KOMP2 and IMPC researchers will begin by creating lines of knockout mice from embryonic stem cells produced by KOMP.  The 5,000 genes that will be knocked out will be selected from nominations already submitted by the research community. Many of the selected genes will be used to study disease processes and underlying mechanisms. Others will be selected based on the genetic variations associated with the human diseases that have been uncovered by genome-wide association studies.

Statistically, about 25 percent of the mouse pups will inherit both copies of the knocked out gene, while their littermates will have only one copy and be heterozygous, or normal. The knockout mice and the healthy littermates will both undergo a battery of more than 400 phenotype measurements at multiple times during their lives. Tests will include X-ray imaging, magnetic resonance imaging (MRI), blood exams, balance tests, and urine and fecal analysis, to name a few. Both the knockout and normal phenotype data will be made available through the KOMP2 data coordination center so that researchers who acquire and study the knockout mice can compare various phenotypes.

"We want to characterize each line of mice broadly with no assumptions about what the gene is or is not doing," said IMPC Executive Director Mark Moore, Ph.D. "If you think of the function of a gene as a needle in a haystack, we're removing the haystack so you can see what the needle does."

At the end of the initial five years of the effort, the NIH and IMPC will evaluate the usefulness of the resource to the research community.
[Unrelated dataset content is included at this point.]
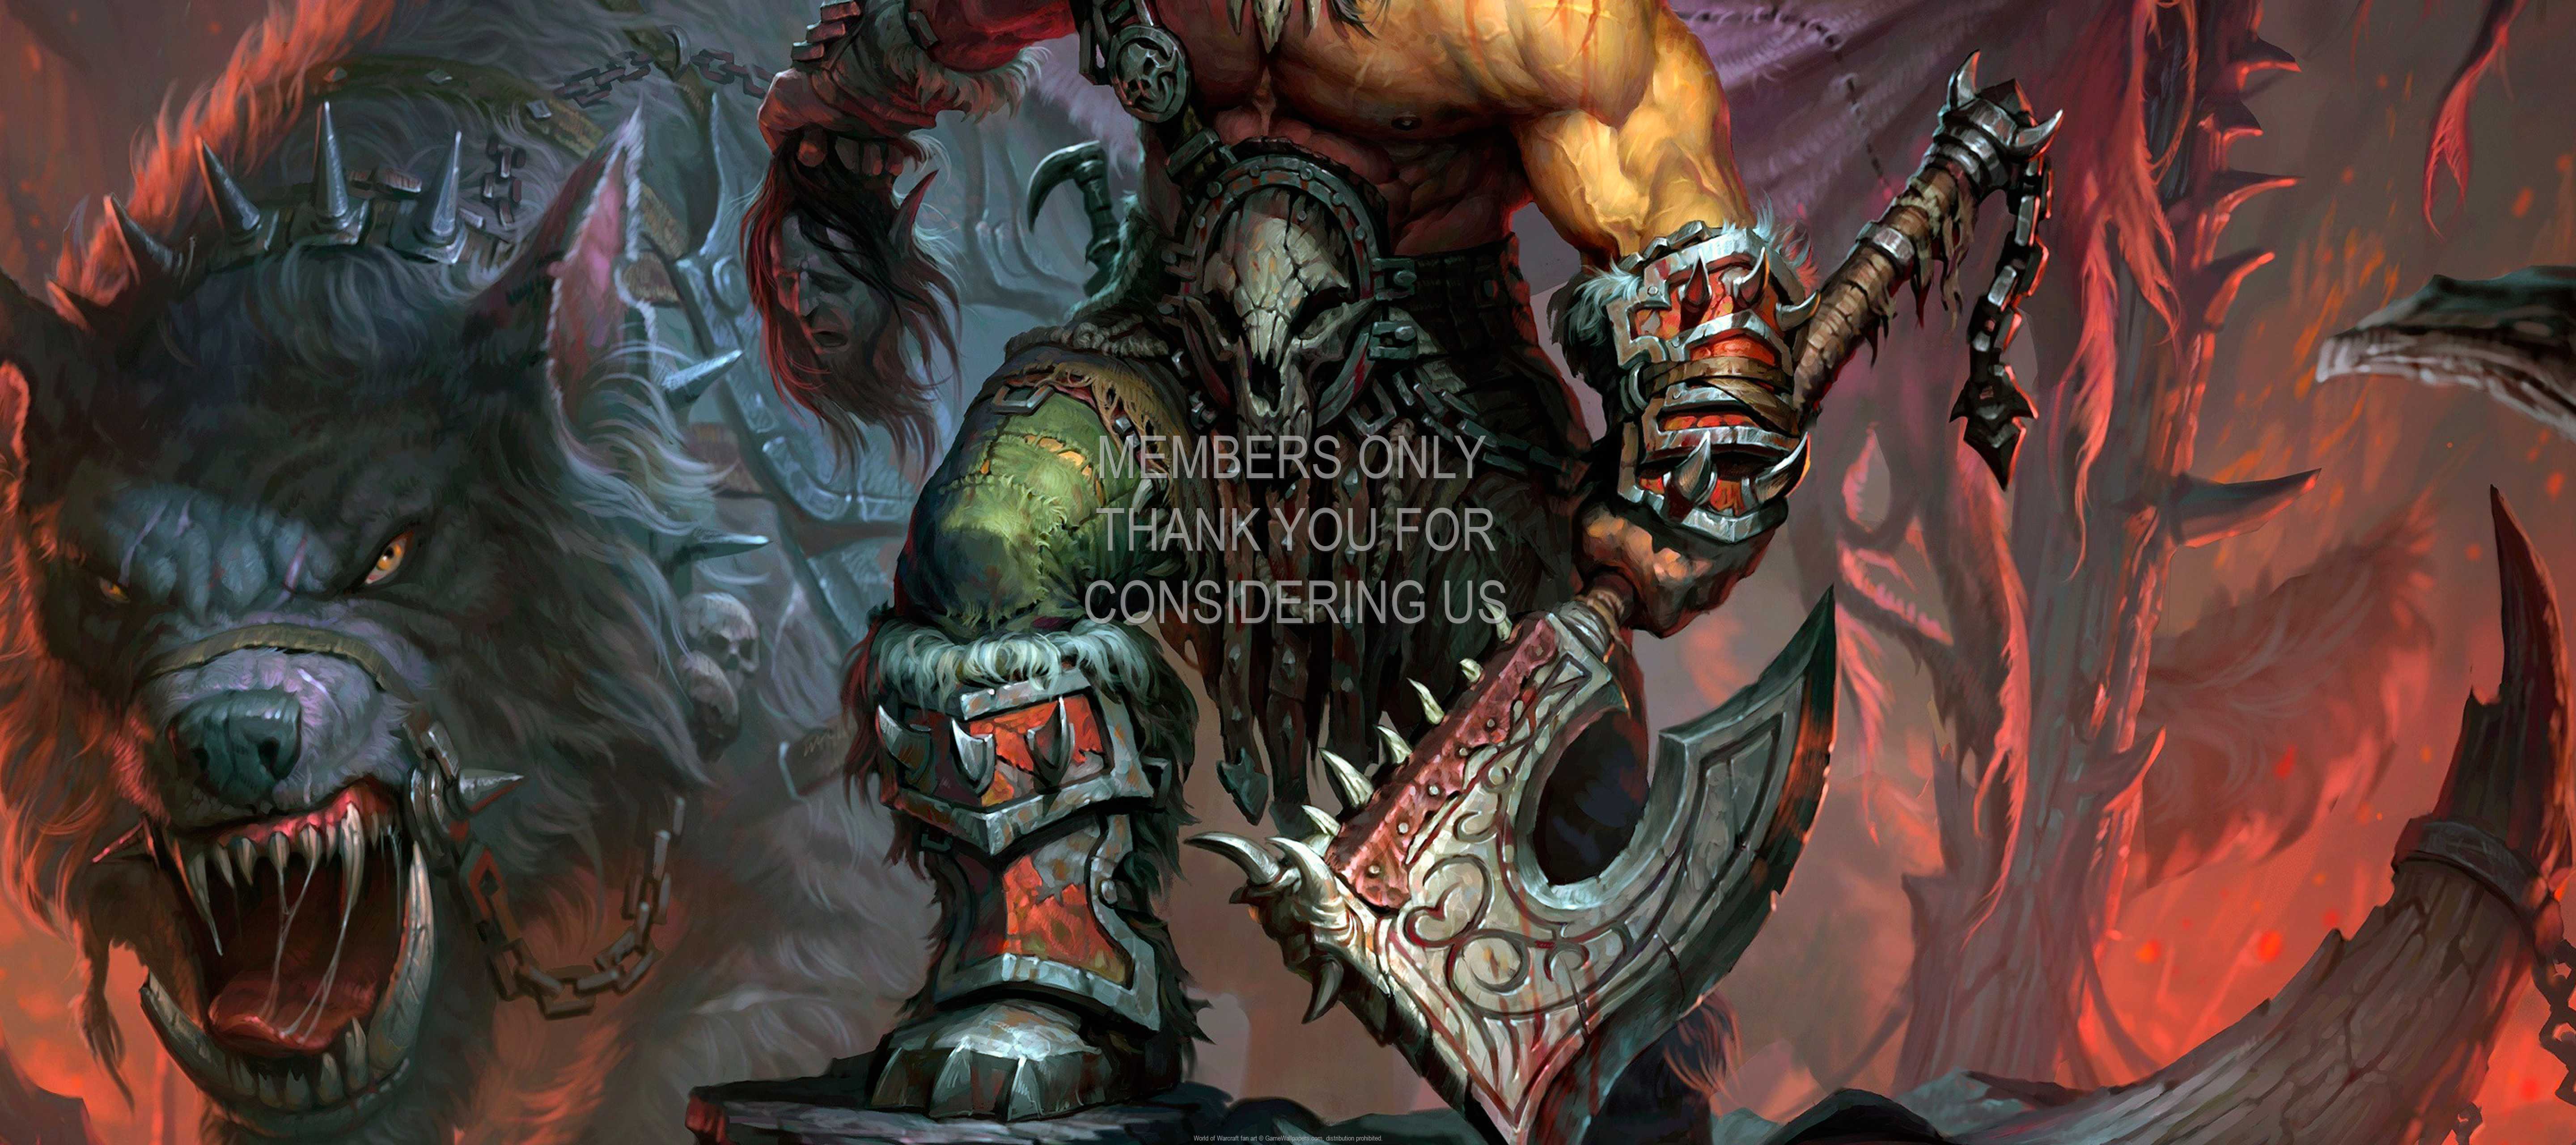 World of Warcraft fan art 1440p%20Horizontal Mobile wallpaper or background 01
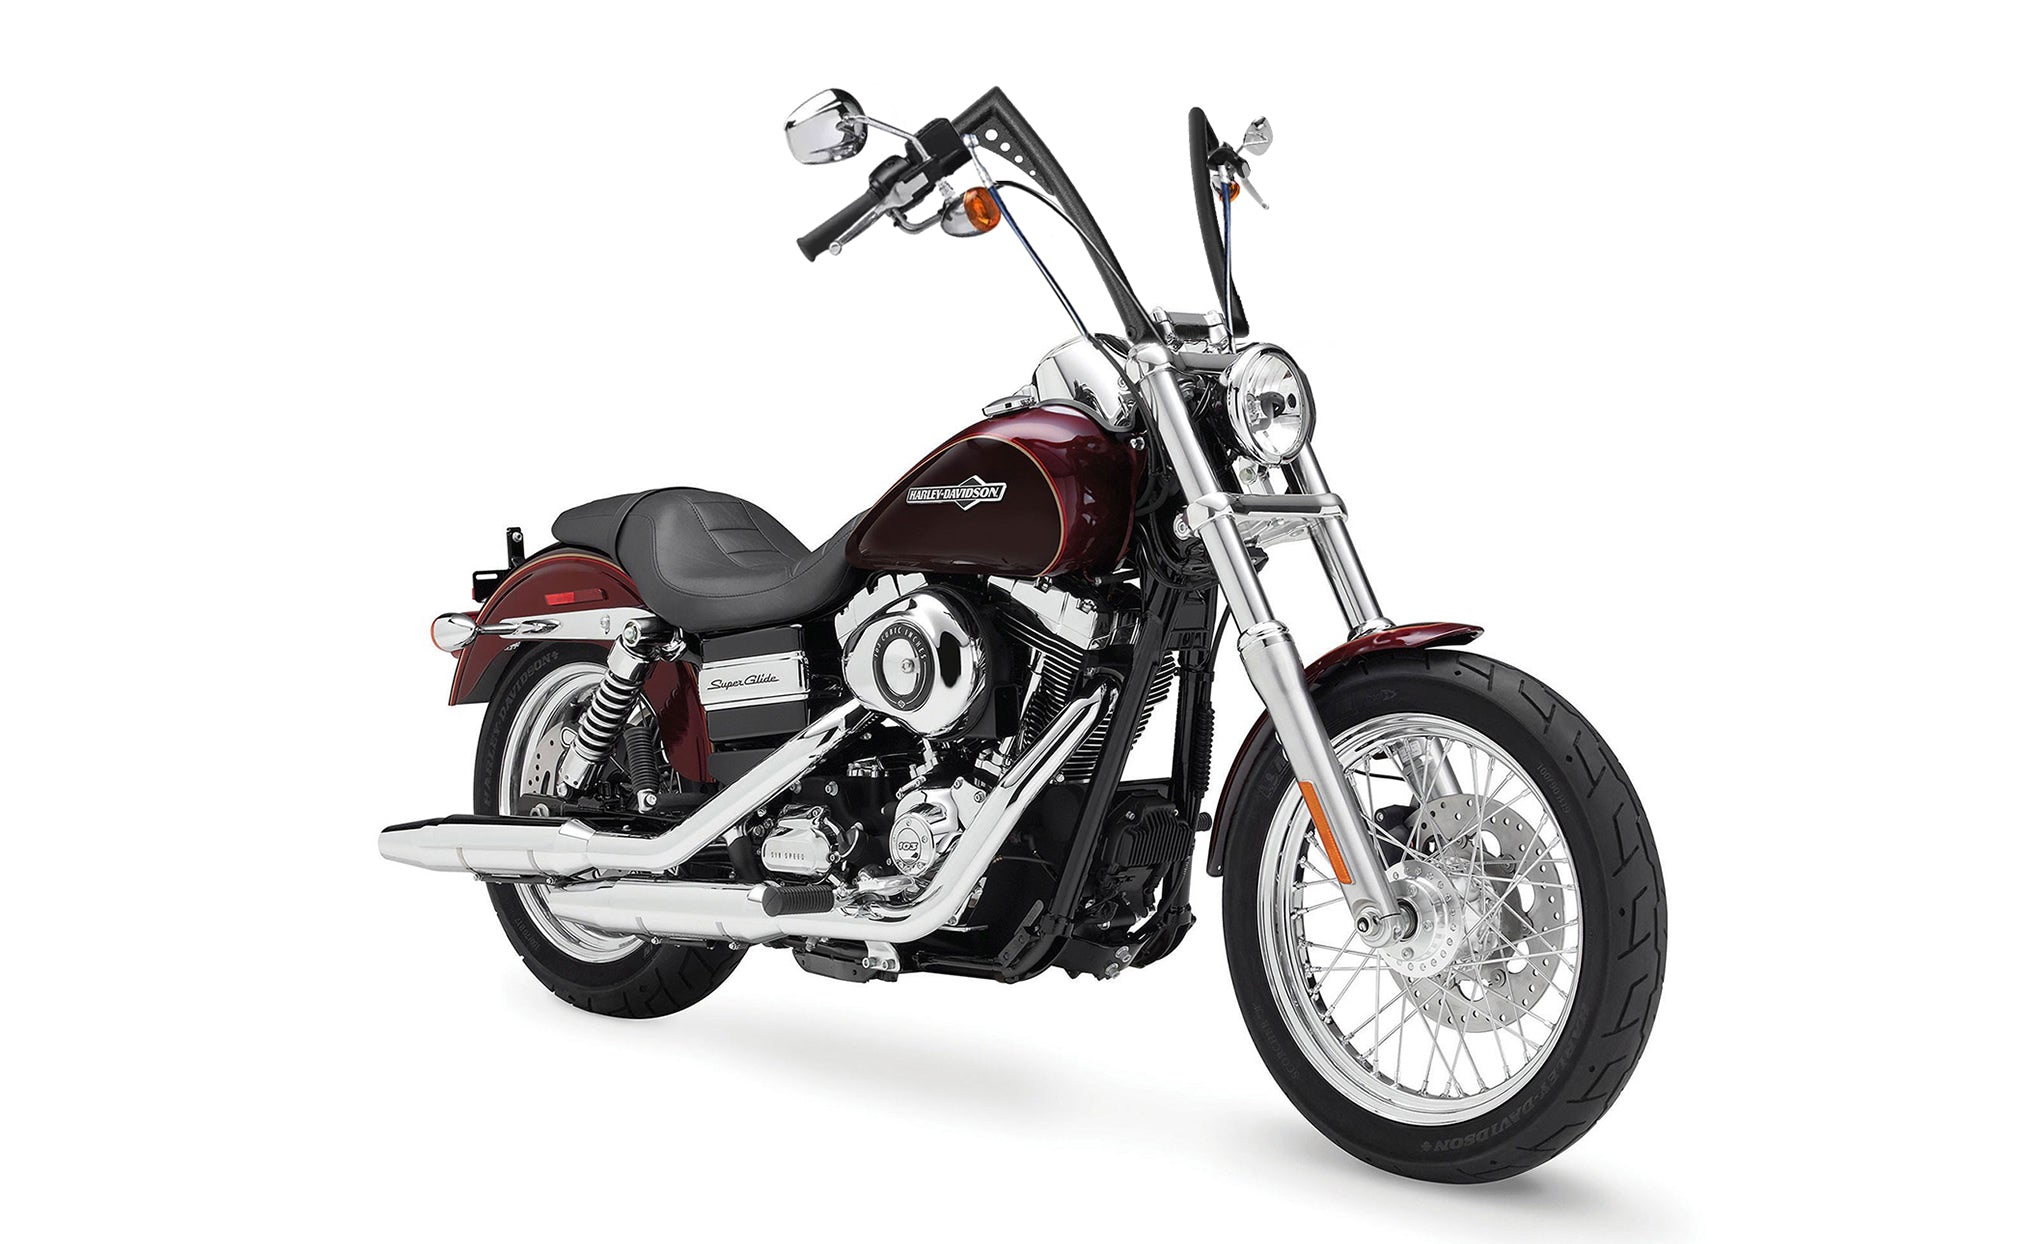 Viking Iron Born 12" Handlebar for Harley Dyna Super Glide FXD Matte Black Bag on Bike View @expand

If the evaluation is a positive one, both efforts may scale up to create and phenotype a total of 12,000 more knockout mice.

Once each knockout mouse is phenotyped, researchers can obtain information on what knockout mouse lines are available and how to order them from the University of California Davis KOMP Repository.

To access the IKMC Web portal, please go to <www.knockoutmouse.org>.

The 18 NIH institutes, centers and offices contributing to the Knockout Mouse Project are: the NIH Office of Strategic Coordination/Common Fund; NCRR; the National Eye Institute; NHGRI; the National Heart, Lung and Blood Institute; the National Institute on Aging; the National Institute of  Alcohol Abuse and Alcoholism; the National Institute of Arthritis and usculoskeletal and Skin Diseases; the Eunice Kennedy Shriver National Institute of Child Health and Human Development; NIDCD; the National Institute of Dental and Craniofacial Research; the National Institute of Environmental Health Sciences; the National Institute of General Medical Sciences; the National Institute of Mental Health; the National Institute of Neurological Disorders and Stroke; the National Institute of Diabetes and Digestive and Kidney Diseases; the National Cancer Institute; and the Office of AIDS Research.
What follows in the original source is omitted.